SUPPLIED INFORMATION Start Marker

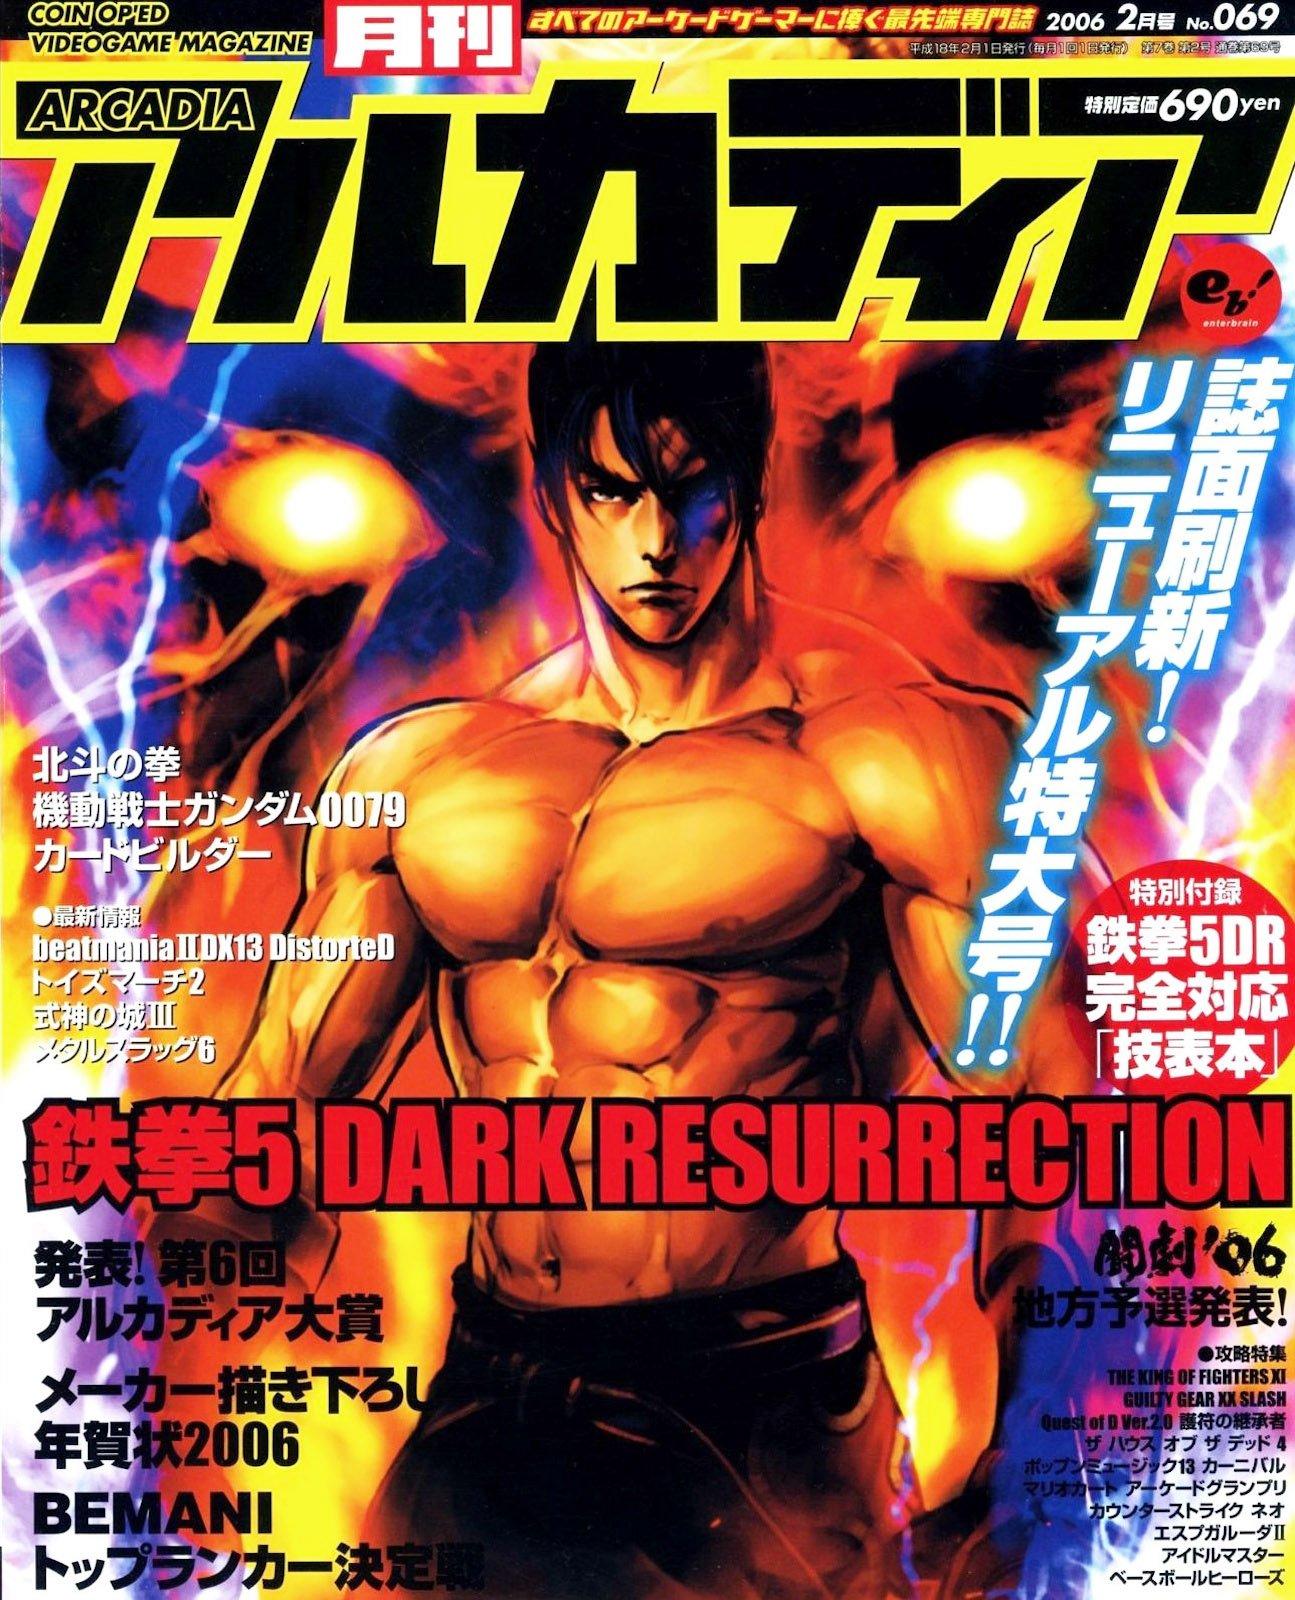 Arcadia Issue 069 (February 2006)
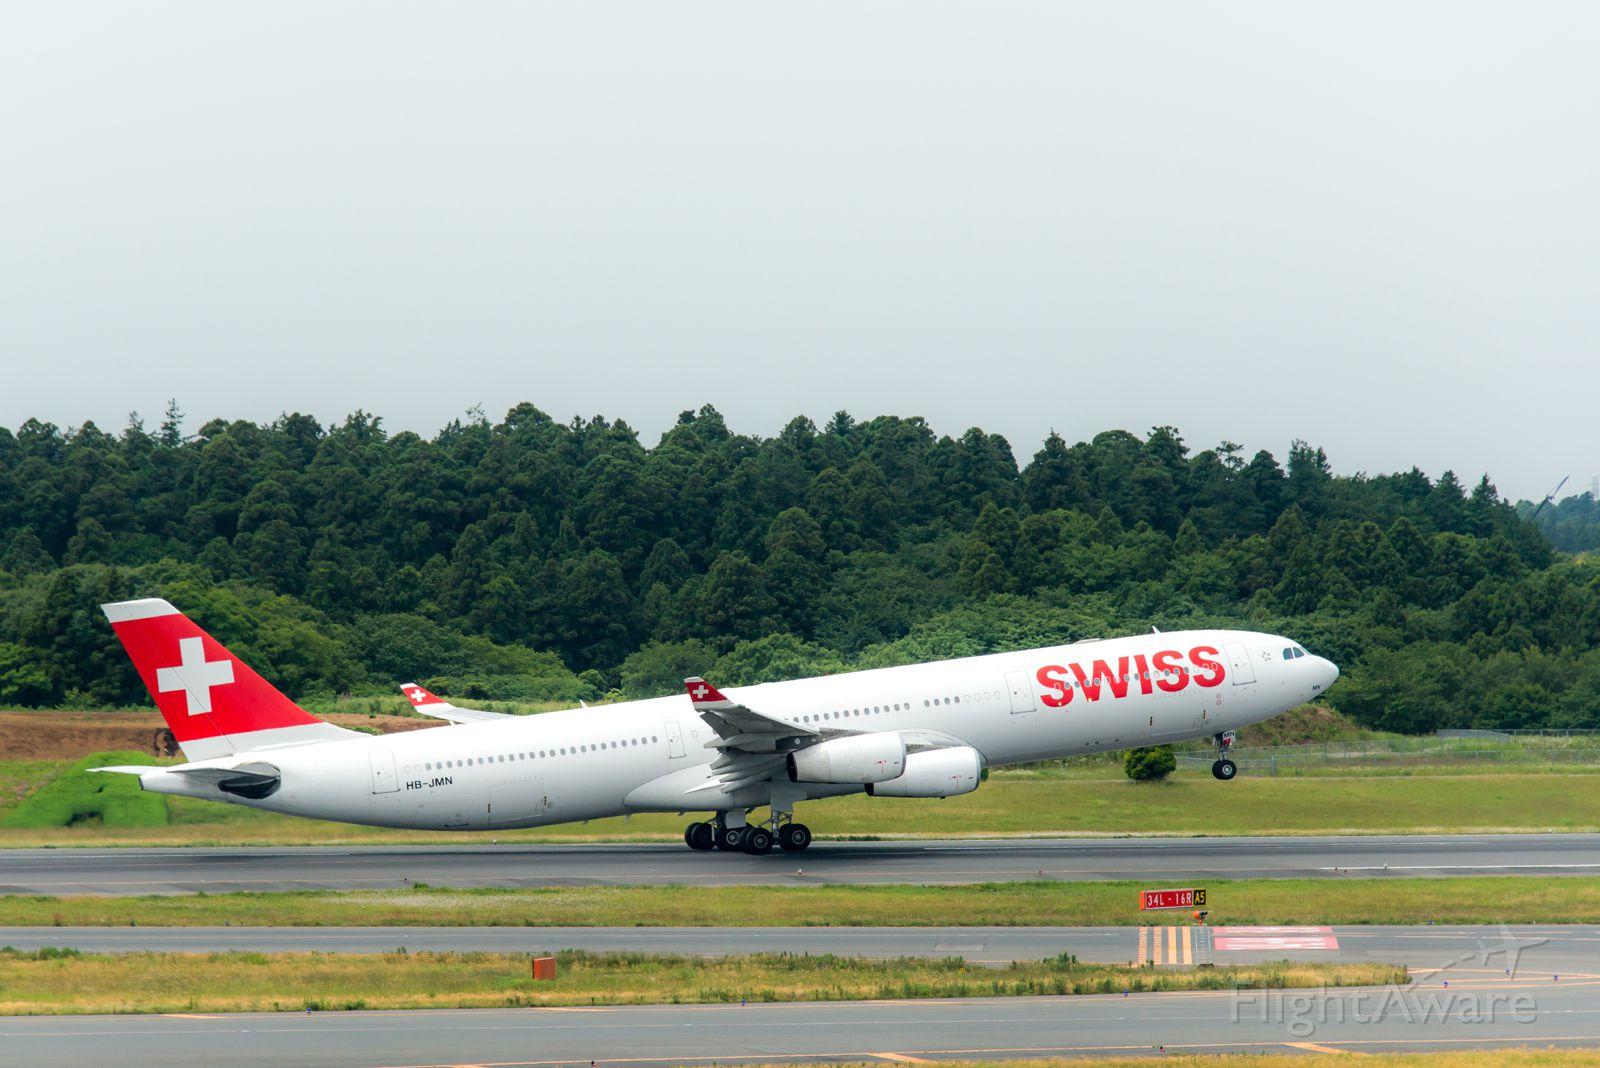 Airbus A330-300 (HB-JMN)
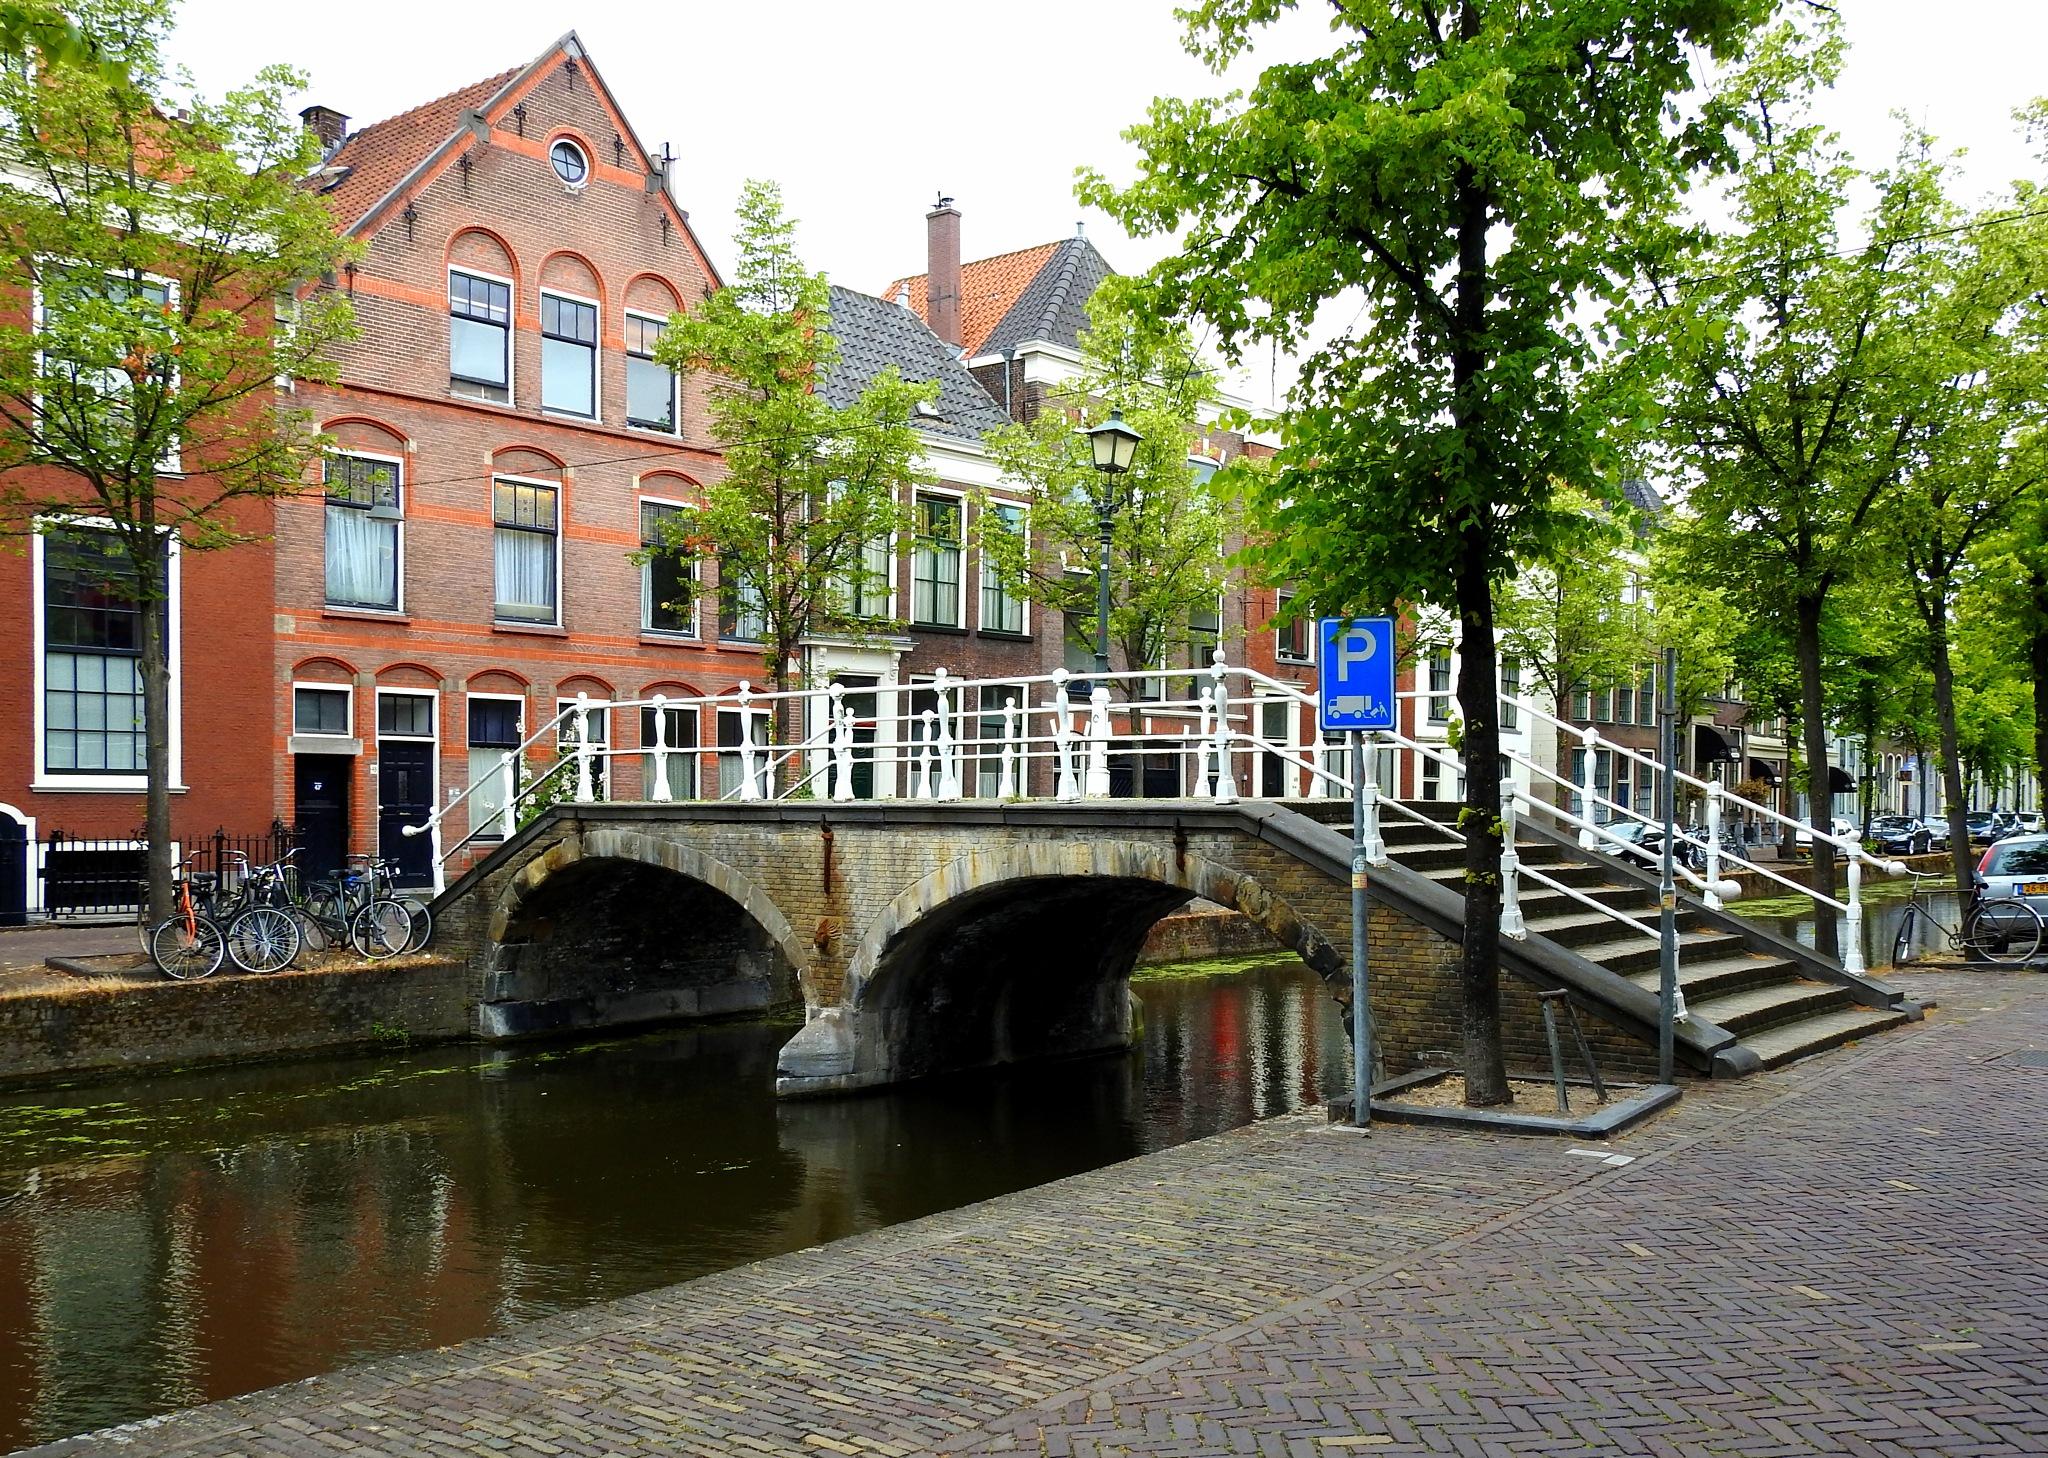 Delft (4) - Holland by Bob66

SUPPLIED INFORMATION End Marker

# PROMPT
Reproduce the material exactly; omit the pictures.

# ANSWER TO THIS TASK
 Arcadia Issue 069 (February 2006)
 Airbus A330-300 (HB-JMN)
 Delft (4) - Holland by Bob66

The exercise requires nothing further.